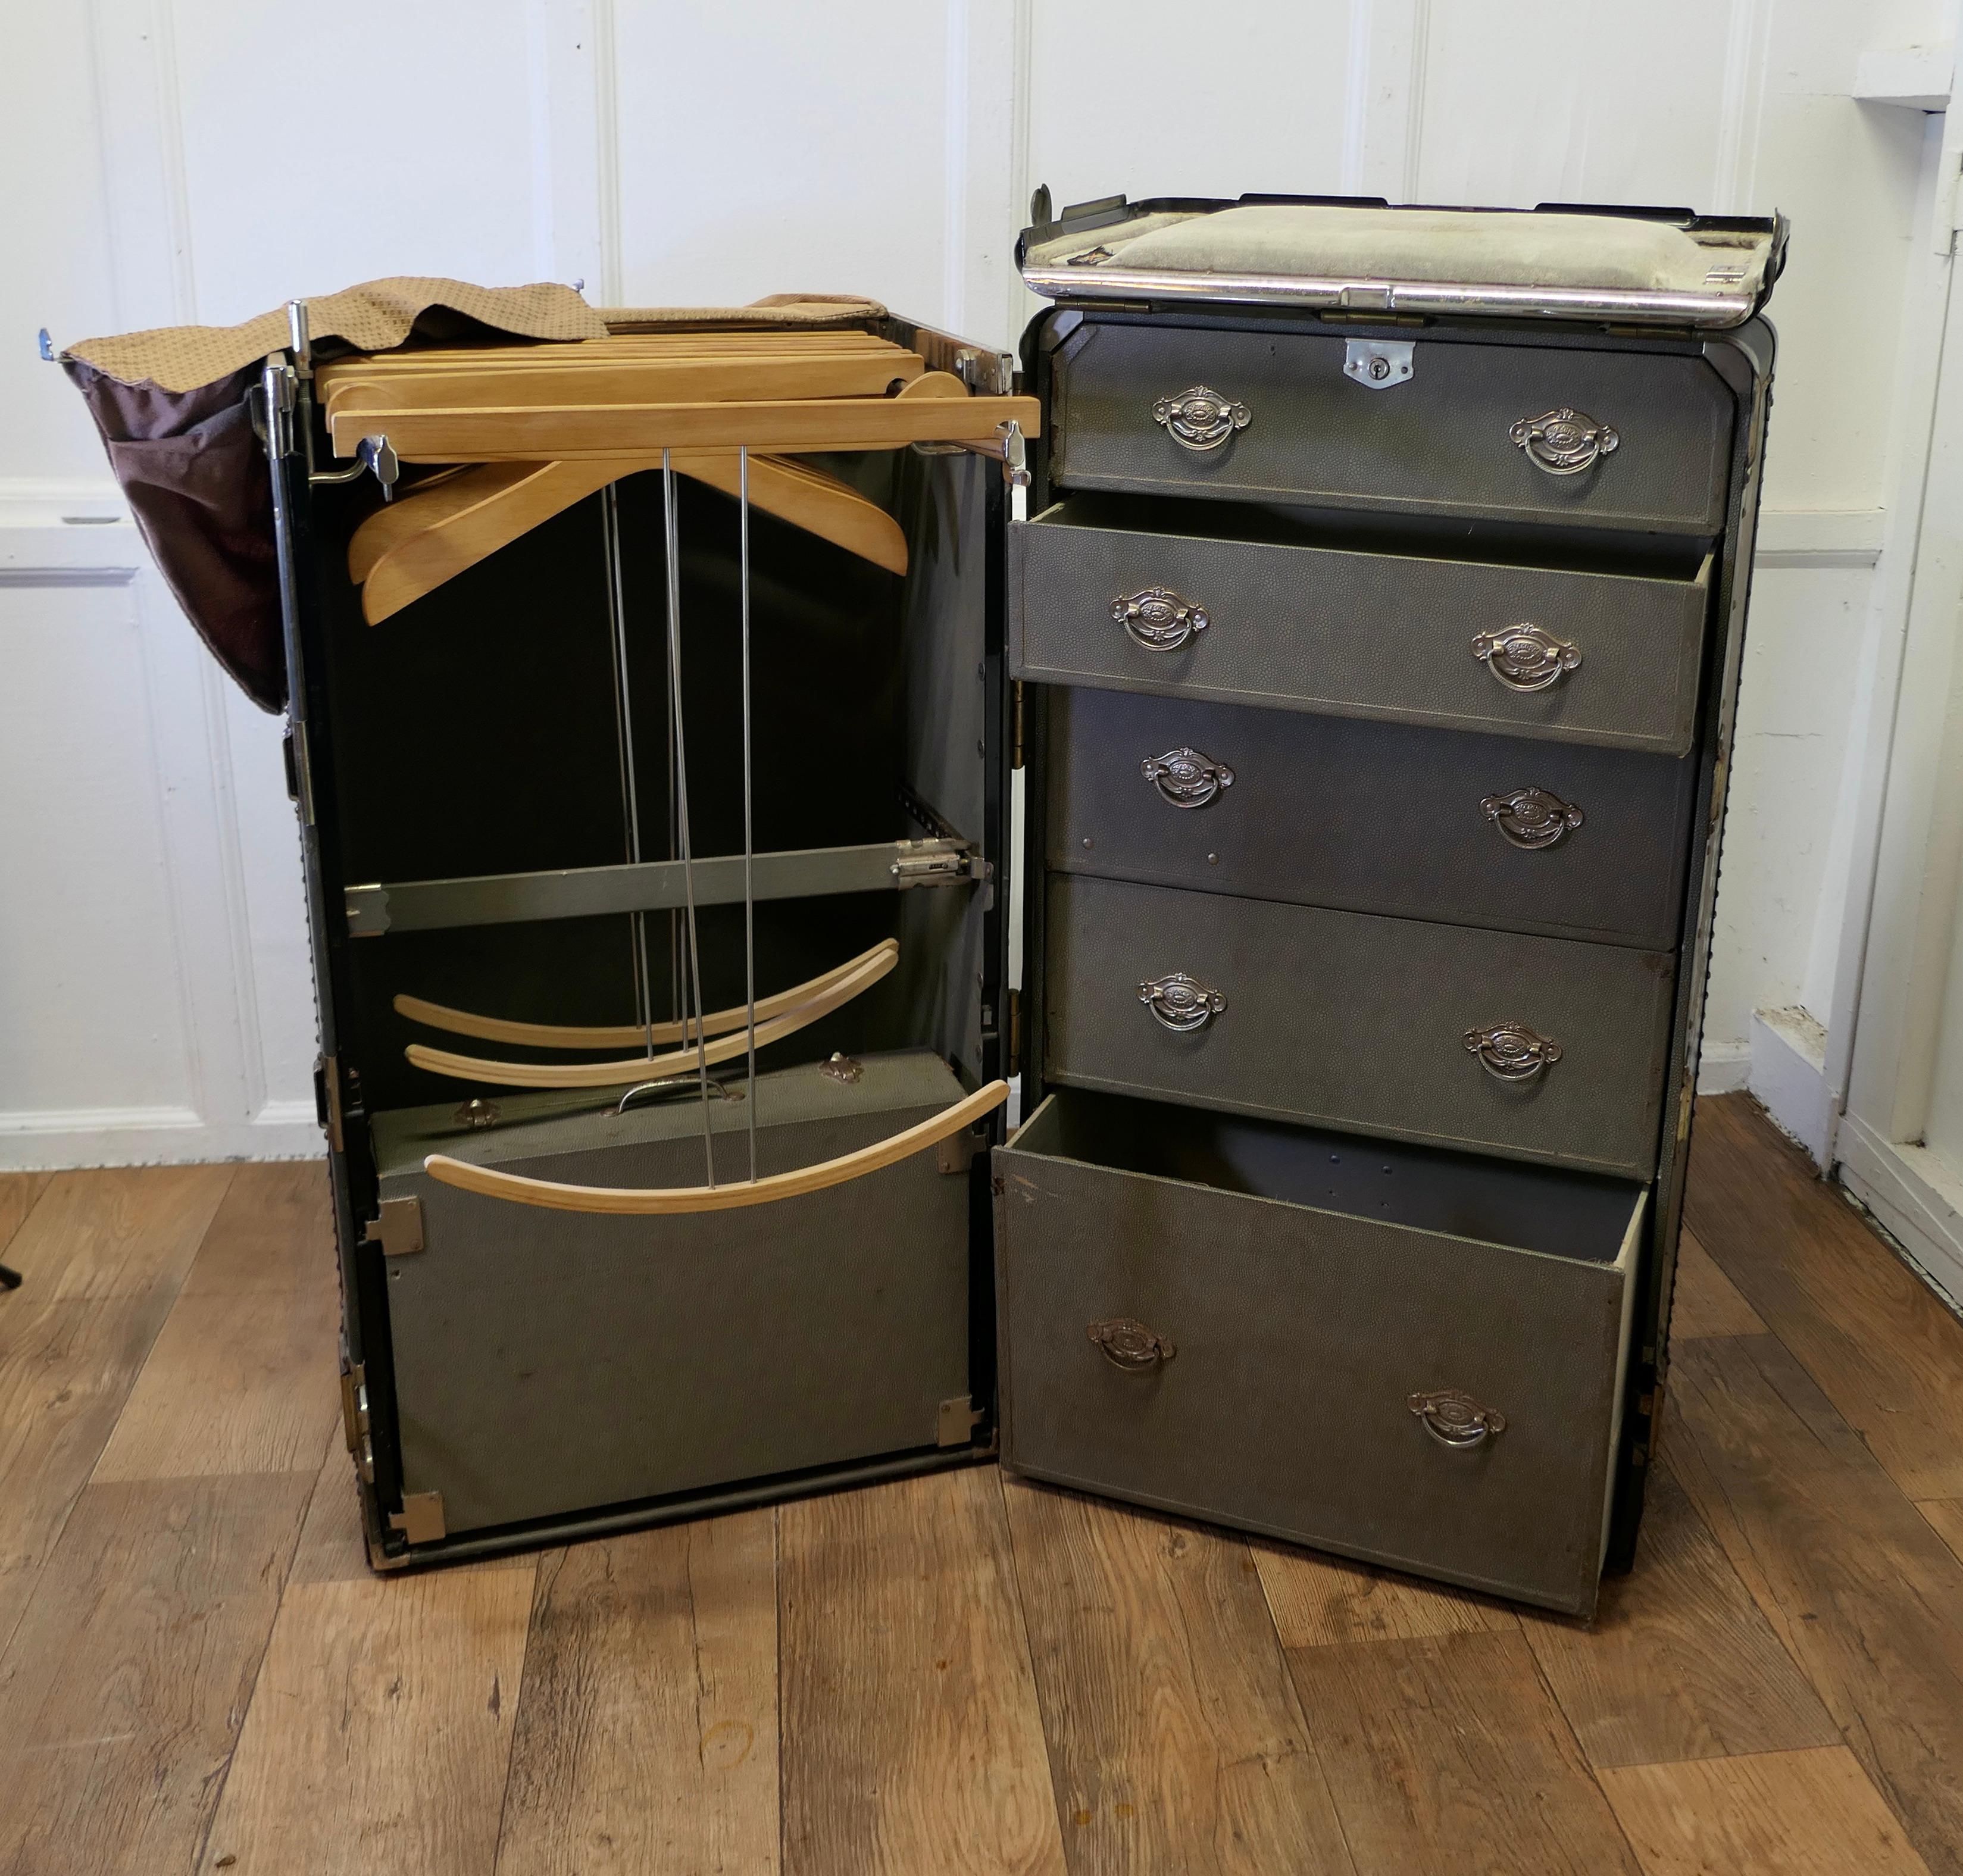 Art Deco Dampfer-Koffer- oder Cabin-Kleiderschrank von Hartman Luggage Co.

Anfang des 20. Jahrhunderts Estate Wardrobe Trunk von Beckets Leather Goods Company Washington DC
Die Truhe ist komplett, es öffnet sich voll auf 5 Schubladen auf der einen

--------------------------------

• What you need to do:
Send back the listing exactly as it stands. Do not include the pictures.

• Solution to the problem:
 Art Deco Dampfer-Koffer- oder Cabin-Kleiderschrank von Hartman Luggage Co.

Anfang des 20. Jahrhunderts Estate Wardrobe Trunk von Beckets Leather Goods Company Washington DC
Die Truhe ist komplett, es öffnet sich voll auf 5 Schubladen auf der einen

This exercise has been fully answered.